Personal information
- Full name: Thomas Flaws
- Born: 13 May 1932 Dunedin, Otago, New Zealand
- Died: 24 June 2021 (aged 89) Dunedin, Otago, New Zealand
- Batting: Left-handed
- Role: Wicket-keeper

Domestic team information
- 1952/53–1962/63: Otago
- 1964/65–1965/66: Central Otago

Career statistics
| Competition | First-class |
| Matches | 27 |
| Runs scored | 438 |
| Batting average | 10.18 |
| 100s/50s | 0/0 |
| Top score | 35 |
| Catches/stumpings | 44/29 |
- Source: Cricinfo, 8 July 2021

= Tom Flaws =

New Zealand cricketer (1932–2021)

Thomas Flaws (13 May 1932 – 24 June 2021) was a New Zealand cricketer. A wicket-keeper, he played 27 first-class matches for Otago between the 1952–53 and 1962–63 seasons.

Flaws was born at Dunedin in 1932. He played club cricket for Kaikorai in the city where he was known as an "excellent fieldsman". He played age-group for Otago, practiced with the senior team as early as the 1950–51 season, and in the same season scored a century against Southland cricket team in the Brabin Shield competition for under-21 teams.

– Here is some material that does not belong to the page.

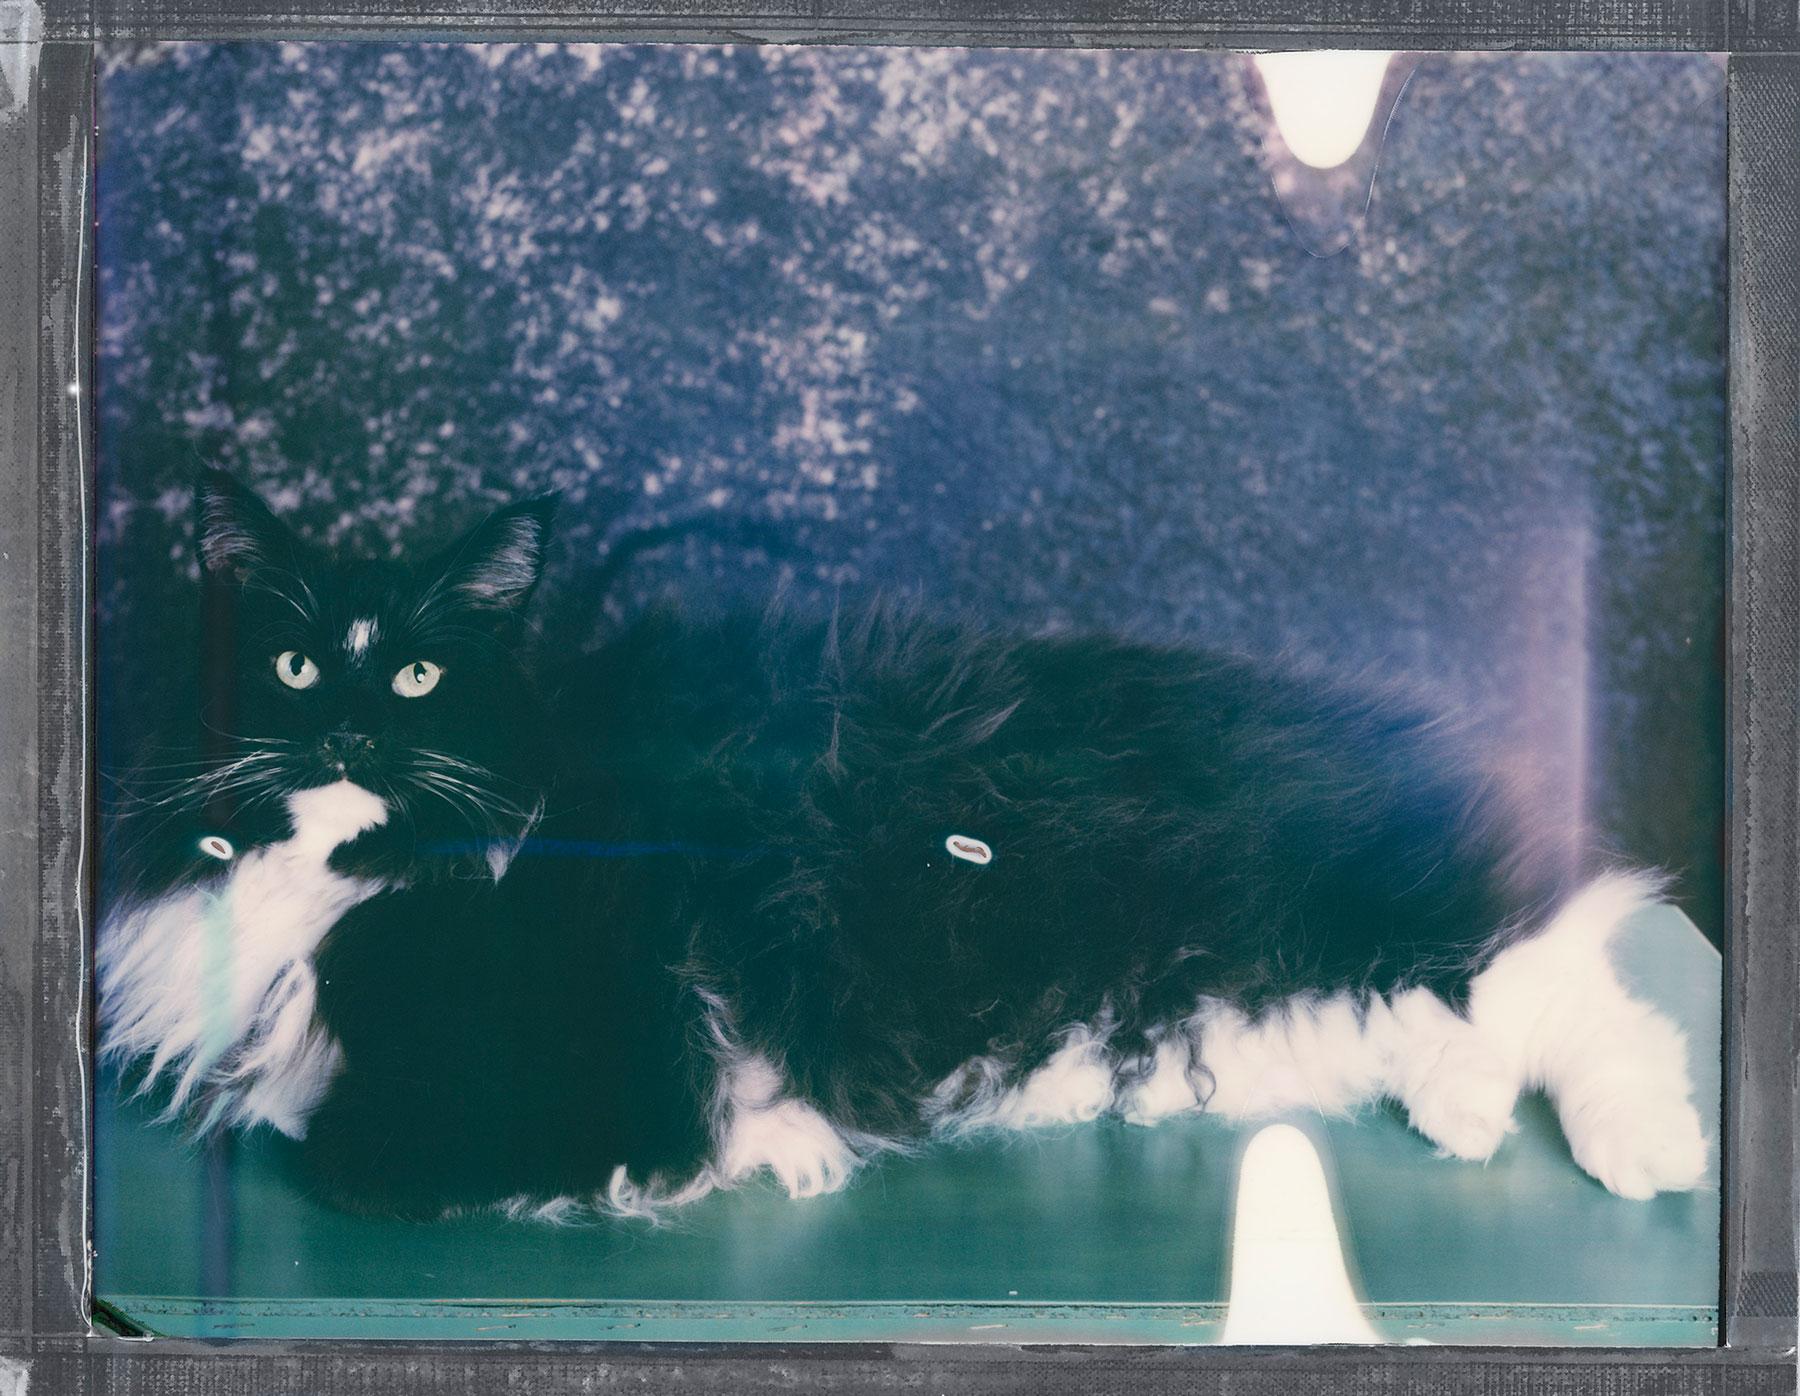 bilde av en katt tatt av portrettfotograf Oslo

By the start of the 1952–53 season Flaws was considered a "promising young wicket-keeper and forceful batsman" and was thought to have "excellent prospects of reading international class". He was, however, behind established 'keeper George Mills in the Otago side and, in the event, made his senior representative debut for the side playing as a specialist batsman against Canterbury in December 1952. he scored four runs on debut in his only innings, but retained his place in the side for the rest of Otago's Plunket Shield fixtures, scoring a total of 57 runs with a highest score of 21.

Flaws was kept out of the Otago side by Mills throughout much of the 1950s, only playing a single senior match for the provincial side in 1953–54 and none in the following two seasons. He played in all five of Otago's first-class matches in 1956–57 with Mills out of the side, but scored only 30 runs during the season and did not play at all during following two seasons. With Mills retired, he came back into the side for the final two matches of the 1959–60 season and then kept wicket regularly for the following three seasons.

During the 1960–61 season Flaws briefly held the record for the most wicket-keeping dismissals in the Plunket Shield season with 21―13 catches and eight stumpings―before being overtaken by Trevor McMahon who effected five dismissals in the final innings of the final match of the season between Otago and Wellington, beating Flaws by a single dismissal. During the same season he was part of a record eighth wicket partnership for Otago, scoring 35 runs―his highest first-class score―in a partnership of 149 with Bert Sutcliffe against Northern Districts at Seddon Park. The record partnership was not exceeded by Otago until the 2012–13 season.

In total Flaws played in 27 first-class matches for Otago, scoring 438 runs, taking 44 catches and effecting 29 stumpings. he played Hawke Cup cricket for Central Otago in 1964–65 and 1965–66, but did not play for the Otago side after the end of the 1962–63 season. He died at Dunedin in 2021 aged 89.